Integrins are crucial for the ability of cells to sense mechanical perturbations and to transmit intracellular stress to their environment. We here review the more recently discovered role of integrins in activating the pleiotrophic cytokine transforming growth factor beta 1 (TGF-β1). TGF-β1 controls tissue homeostasis in embryonic and normal adult tissues and contributes to the development of fibrosis, cancer, autoimmune and vascular diseases when being mis-regulated. In most of these conditions, active TGF-β1 is generated by dissociation from a large latent protein complex that sequesters latent TGF-β1 in the extracellular matrix (ECM). Two main models are proposed how integrins contribute to latent TGF-β1 activation: (1) In a protease-dependent mechanism, integrins αvβ8 and αvβ3 are suggested to simultaneously bind the latent TGF-β1 complex and proteinases. This close vicinity at the cell surface improves enzymatic cleavage of the latent complex to release active TGF-β1. (2) Integrins αvβ3, αvβ5, αvβ6, and αvβ8 appear to change the conformation of the latent TGF-β1 complex by transmitting cell traction forces. This action requires association of the latent complex with a mechanically resistant ECM and is independent from proteolysis. Understanding that different integrins use different mechanisms to activate latent TGF-β1 opens new possibilities to develop cell-specific therapeutic strategies for TGF-β1-induced pathologies.

Introduction

One of the most intriguing features of actin-associated adhesions is the adaptation of their morphology, composition and function to mechanical perturbation. It appears that mechanical stress already intervenes on the level of activation of single integrins, the basic components of a transmembrane contact with the extracellular matrix (ECM). Integrins are αβ heterodimers assembled from 18 different α and 8 distinct β subunits that combine to 24 currently identified cell receptors in mammals binding to different ECM proteins (Hynes, 2002; Luo et al., 2007; Sheppard, 2000). In addition, integrins have been shown to interact with cell surface ligands, transmembrane proteins, soluble proteases, pathogens, and growth factors (van der Flier and Sonnenberg, 2001). Their crucial role in a plethora of biological processes is appreciated from the pathological consequences following integrin defects (Bosserhoff, 2006; Danen and Sonnenberg, 2003) and from the often severe phenotypes of integrin subunit knockout animals (Bouvard et al., 2001; De Arcangelis and Georges-Labouesse, 2000; Hynes, 2002). It is evident that integrins are more than simple anchors with the ECM; they act as bidirectional cell receptors receiving and transmitting signals from both sides of the plasma membrane, a property generally referred to as inside-out and outside-in signaling (Calderwood, 2004; Ginsberg et al., 2005; Luo et al., 2007; Schwartz, 2001).

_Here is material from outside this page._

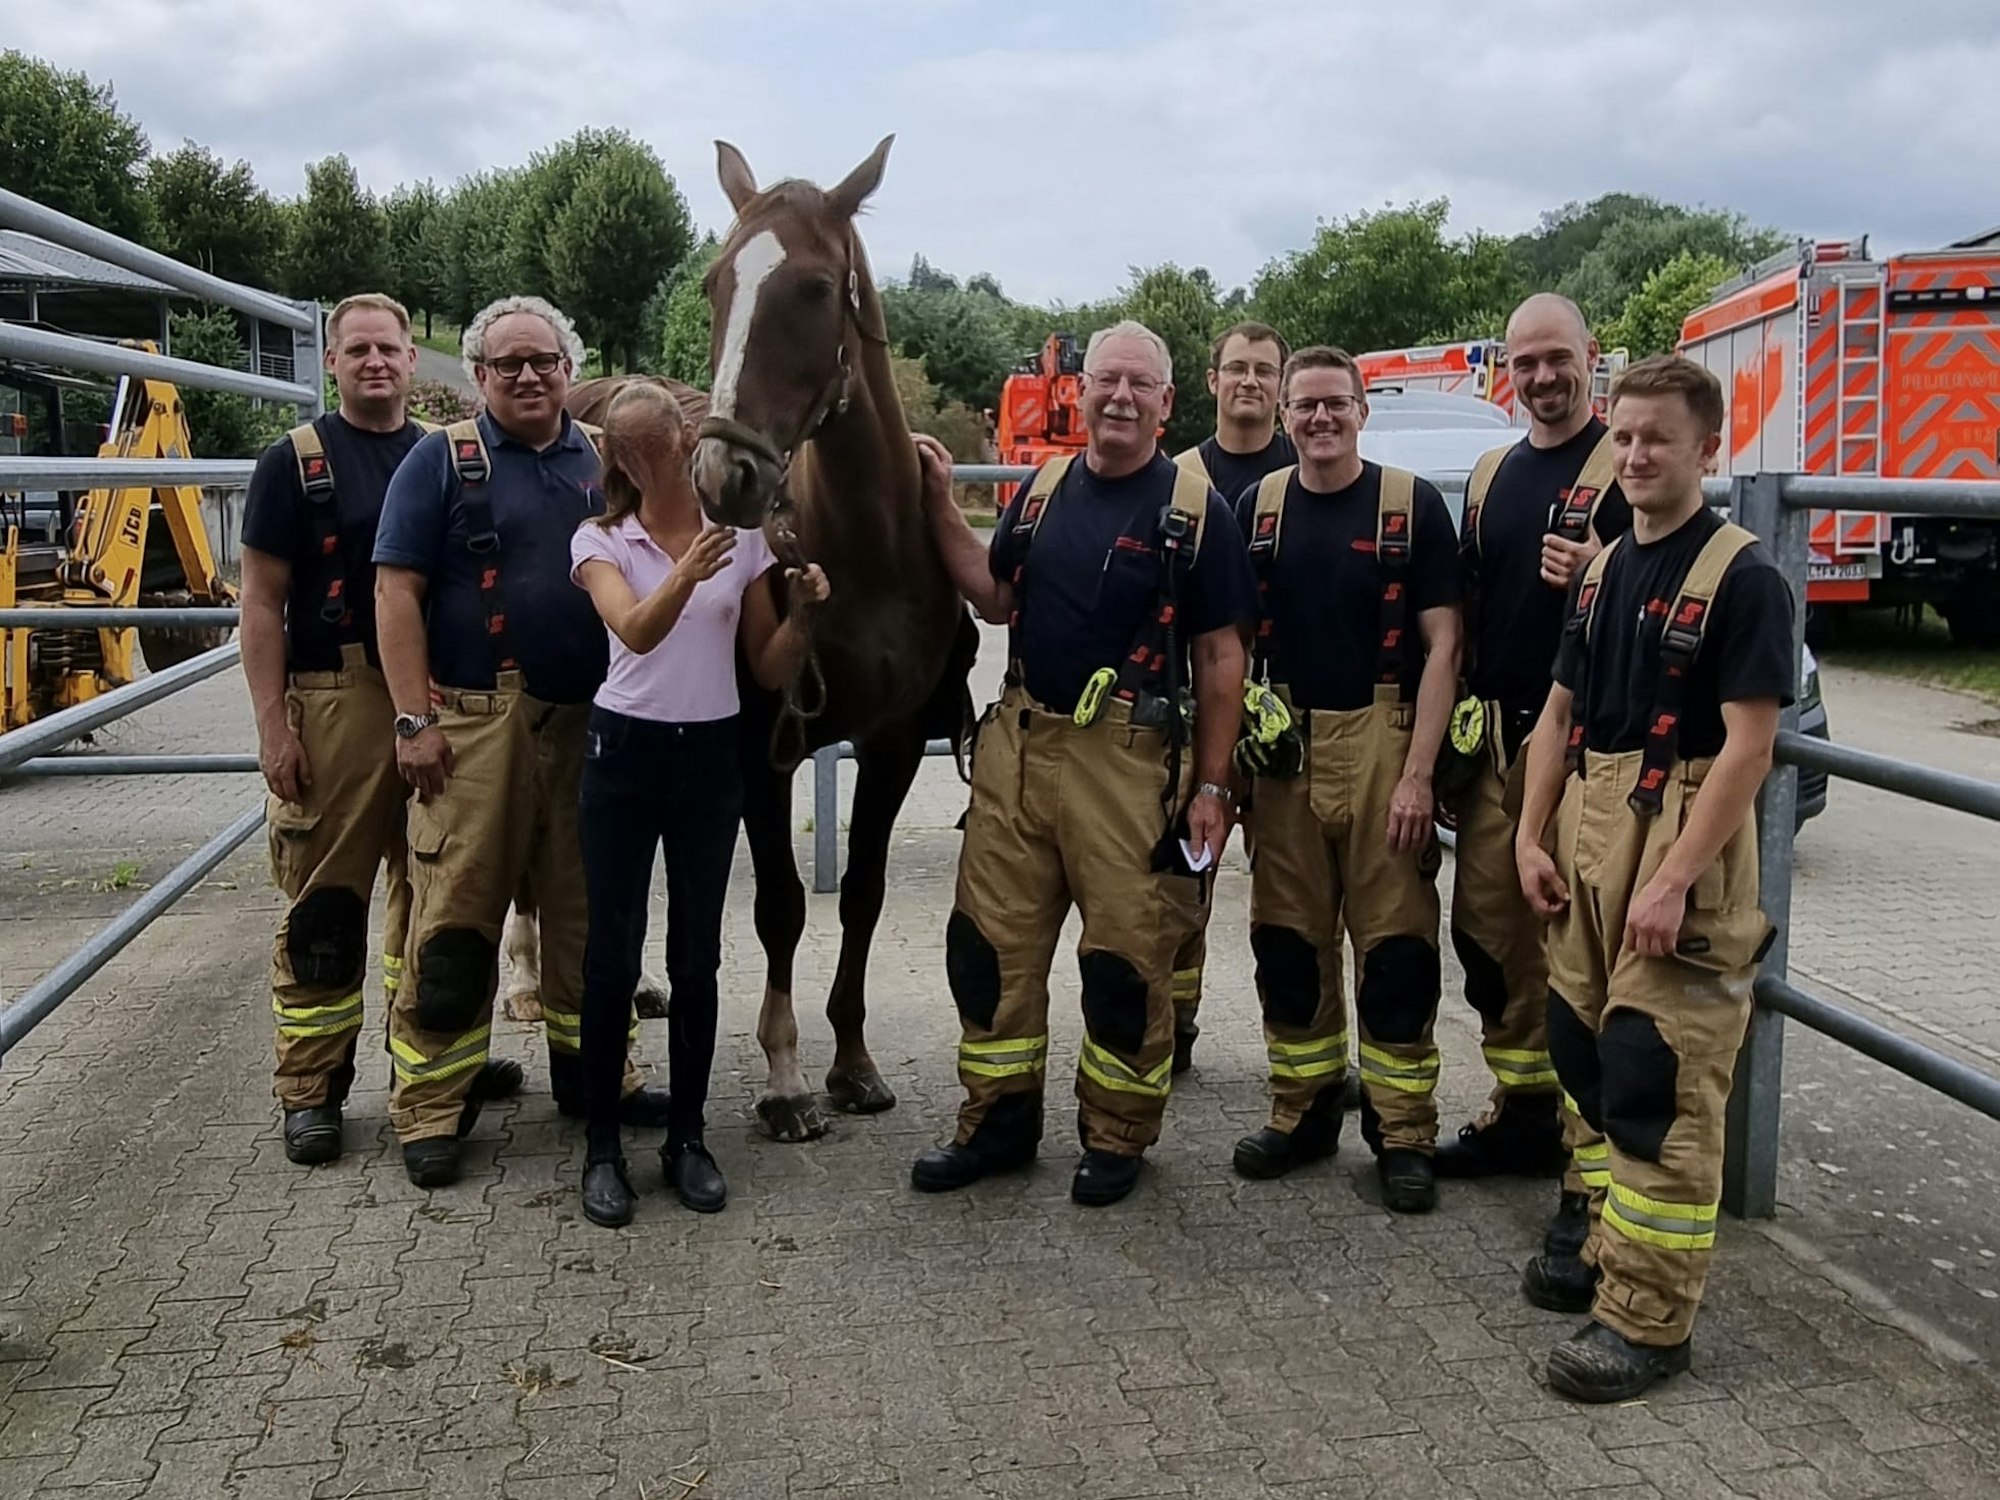 Alles gut gegangen: Die Reiterin, ihr Pferd und die Retter der Feuerwehr Bergisch Gladbach nach dem Unfall.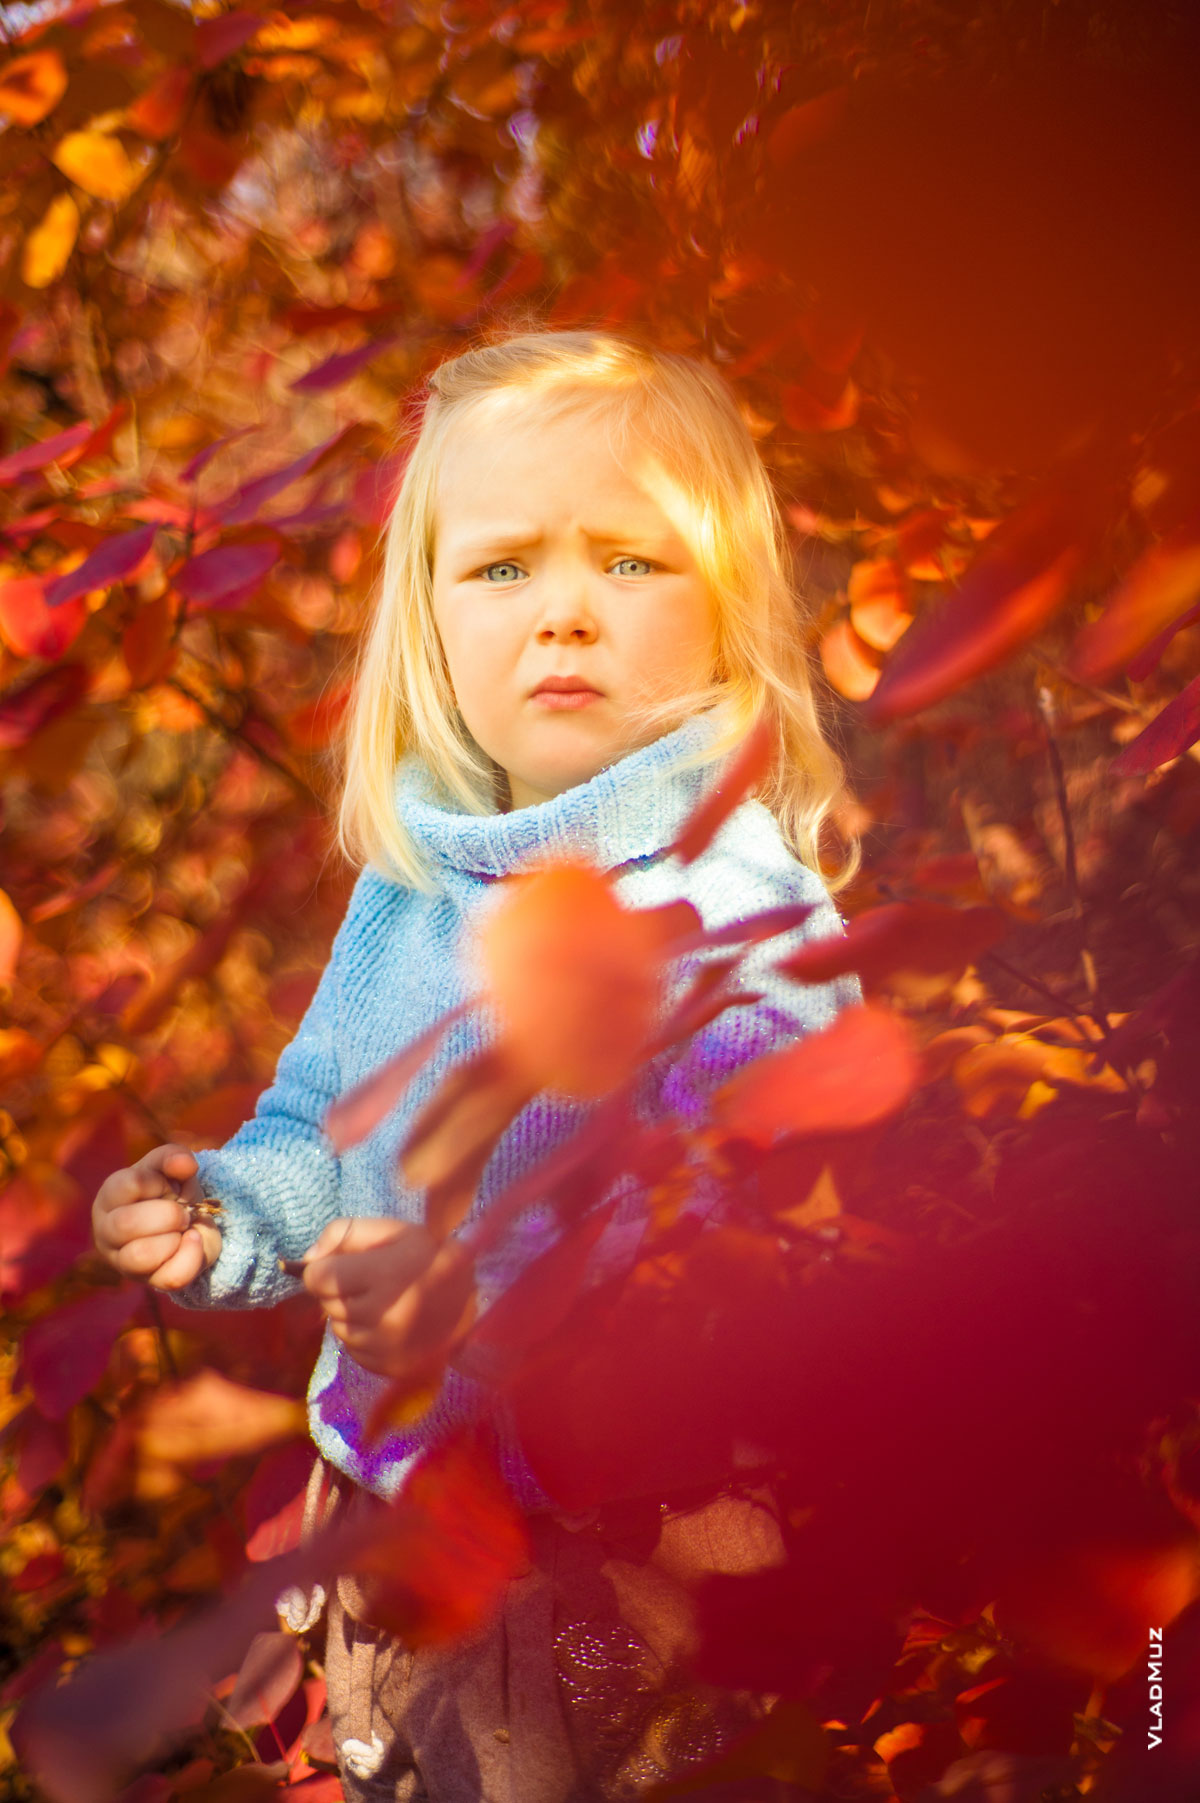 Яркое портретное фото девочки осенью в лучах солнца на фоне красных листьев

This signaling role becomes clear from the mechanosensitive maturation of adhesion structures. To resist forces that are million times stronger than the individual molecular bond, cells reinforce their adhesions by triggering a cascade of maturation events, starting with integrin clustering into nascent adhesions that further develop into focal complexes when associating with actin filaments (Galbraith et al., 2007). Increasing intracellular stress that needs to be balanced by a mechanically resistant substrate leads to the development of contractile cytoplasmic stress fibers and enlargement of focal complexes into focal adhesions (Bershadsky et al., 2006). Different theories have been established to explain the nature of the stress sensor(s) within adhesion structures and of the signal generator(s) that convert mechanical into biochemical cues (Bershadsky et al., 2006; Giannone and Sheetz, 2006). One of these models predicts the presence of cytosolic proteins within the adhesion plaque that act as molecular switches and change their conformation/activation state when force is applied (Giannone and Sheetz, 2006).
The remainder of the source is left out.